Problem requirements: Copy out the data below as written; omit any images.

____ Source data

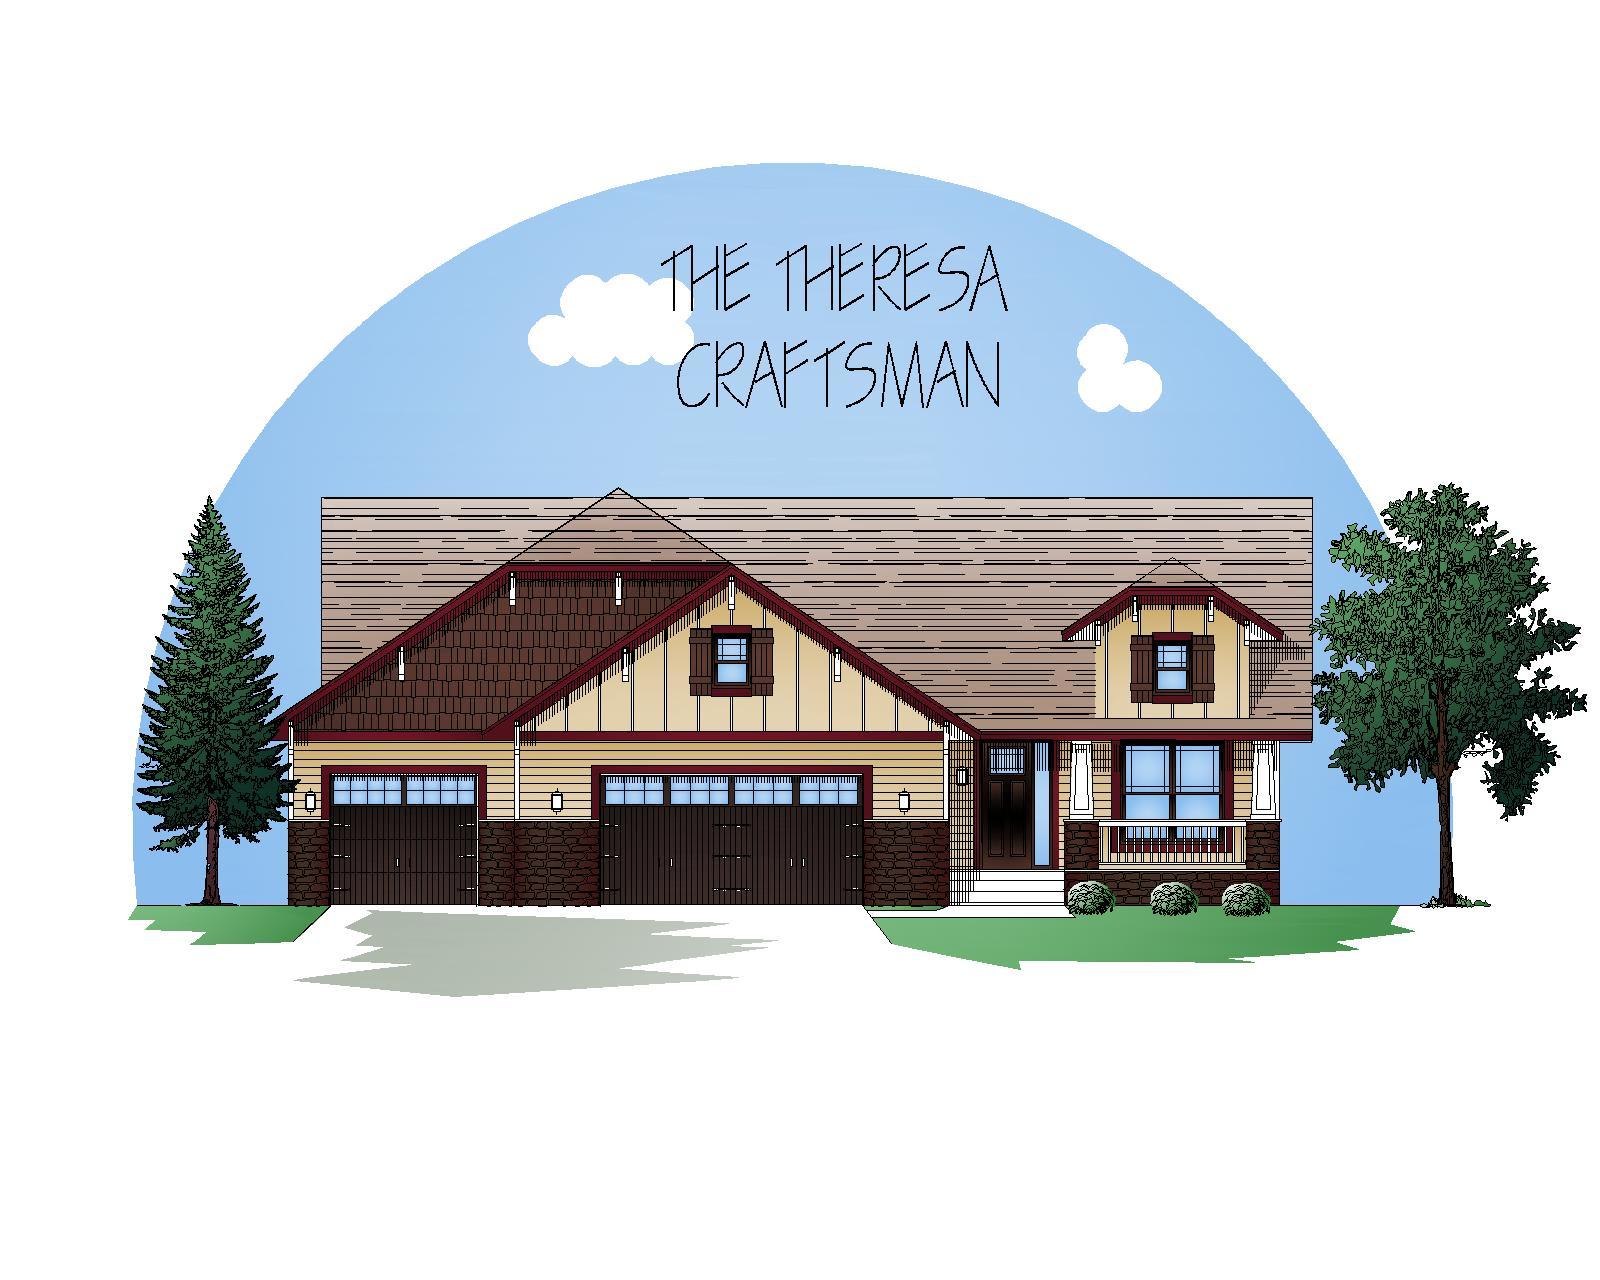 Craftsman Style Theresa
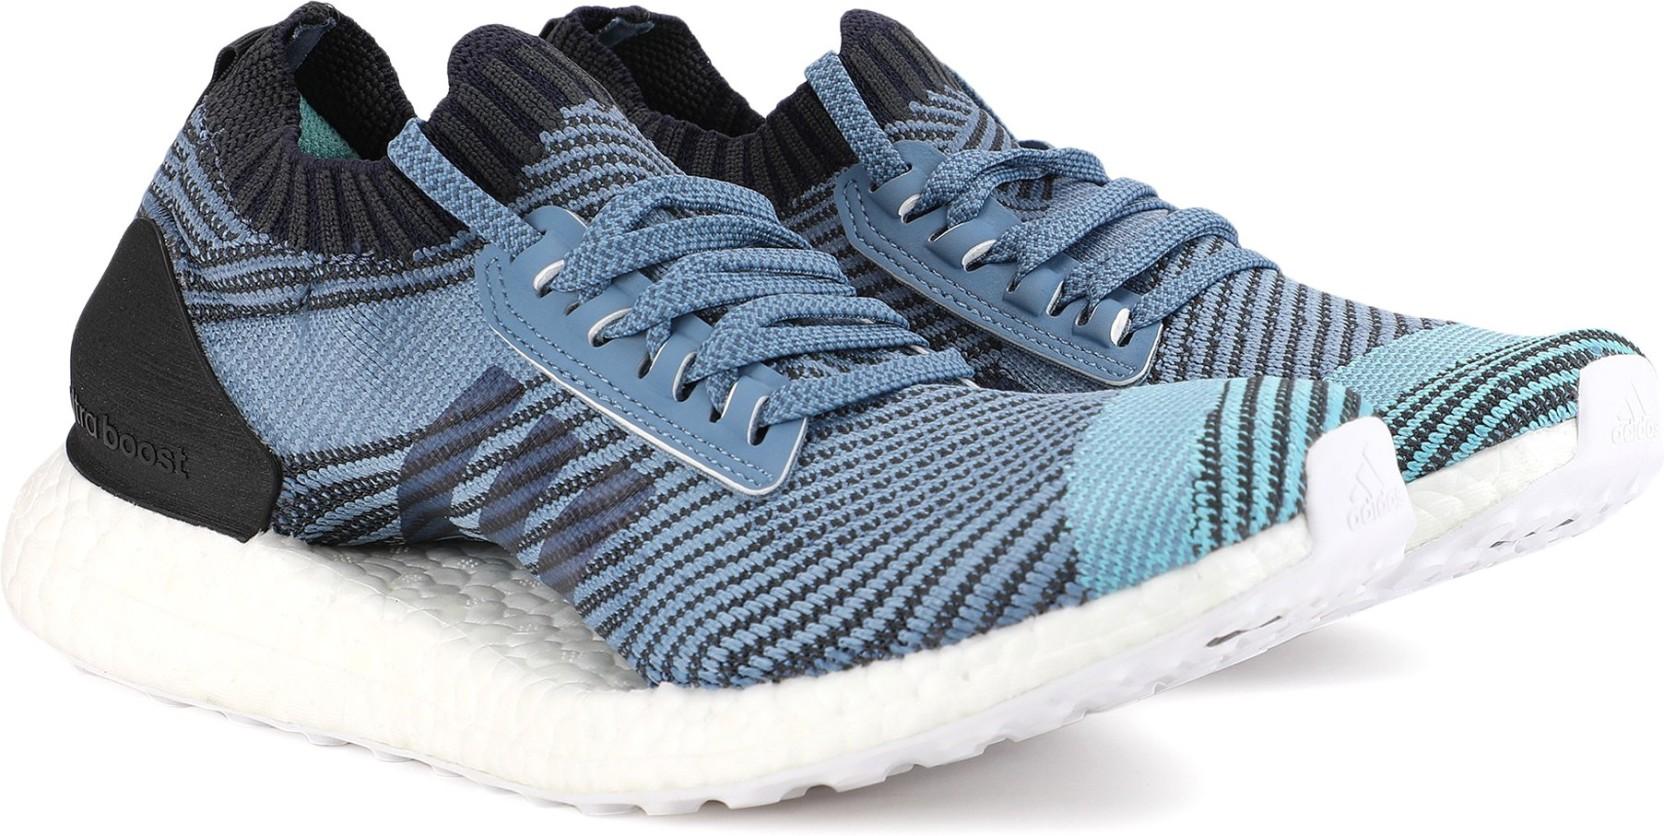 3d8b55533515c ADIDAS ULTRABOOST X PARLEY Running Shoes For Women - Buy RAWGRE ...
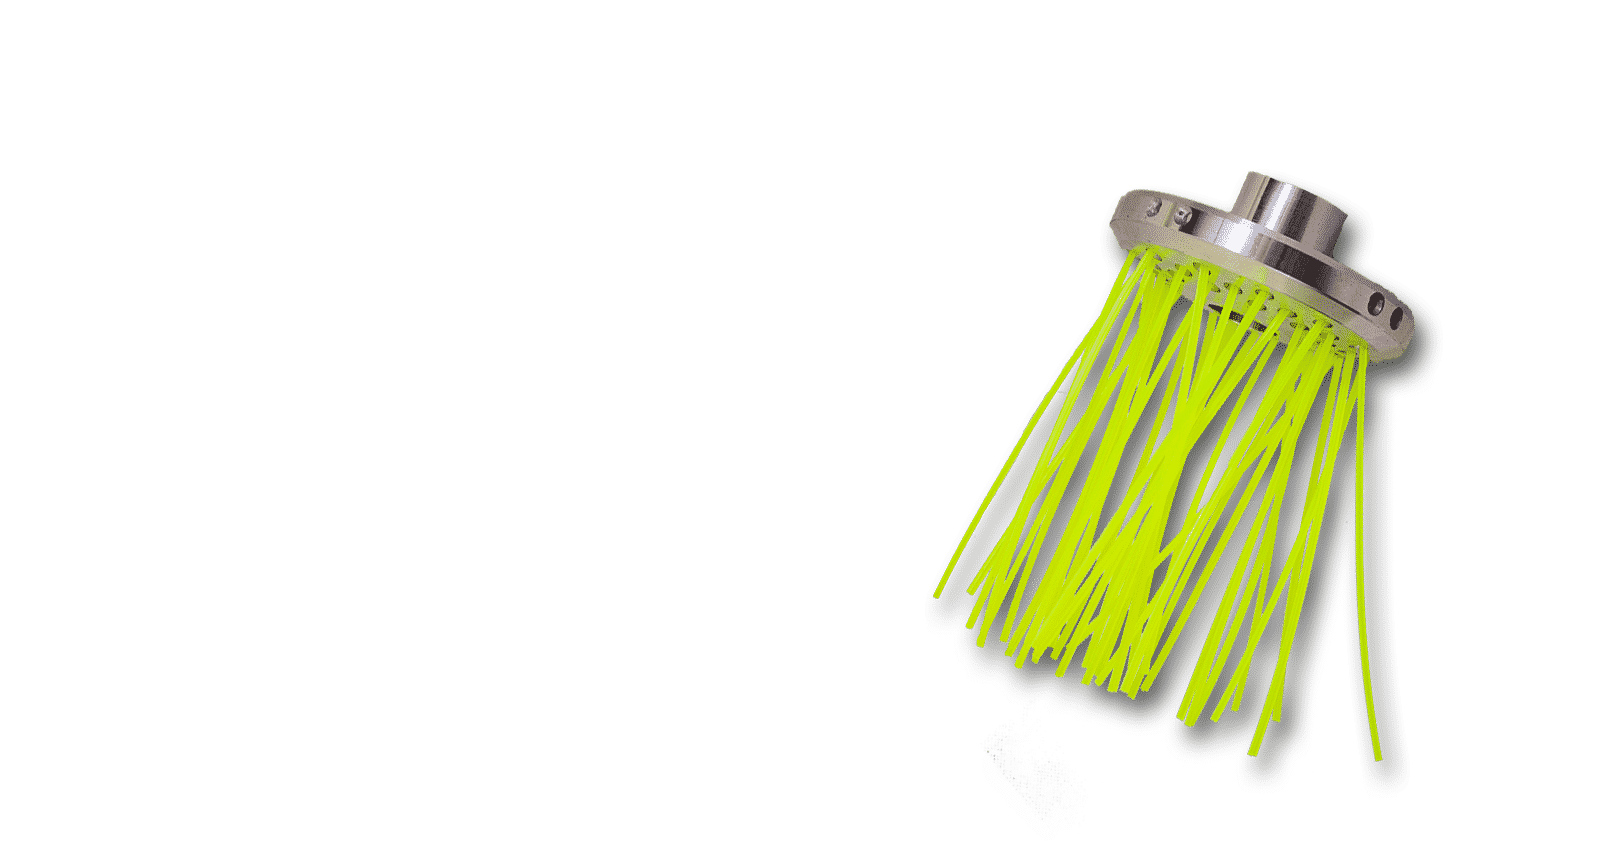 Best Neuheiten - Bürstenkopf, Bürstenköpfe

________

Response below:
 Craftsman Style Theresa
 3d8b55533515c ADIDAS ULTRABOOST X PARLEY Running Shoes For Women - Buy RAWGRE ...
 Best Neuheiten - Bürstenkopf, Bürstenköpfe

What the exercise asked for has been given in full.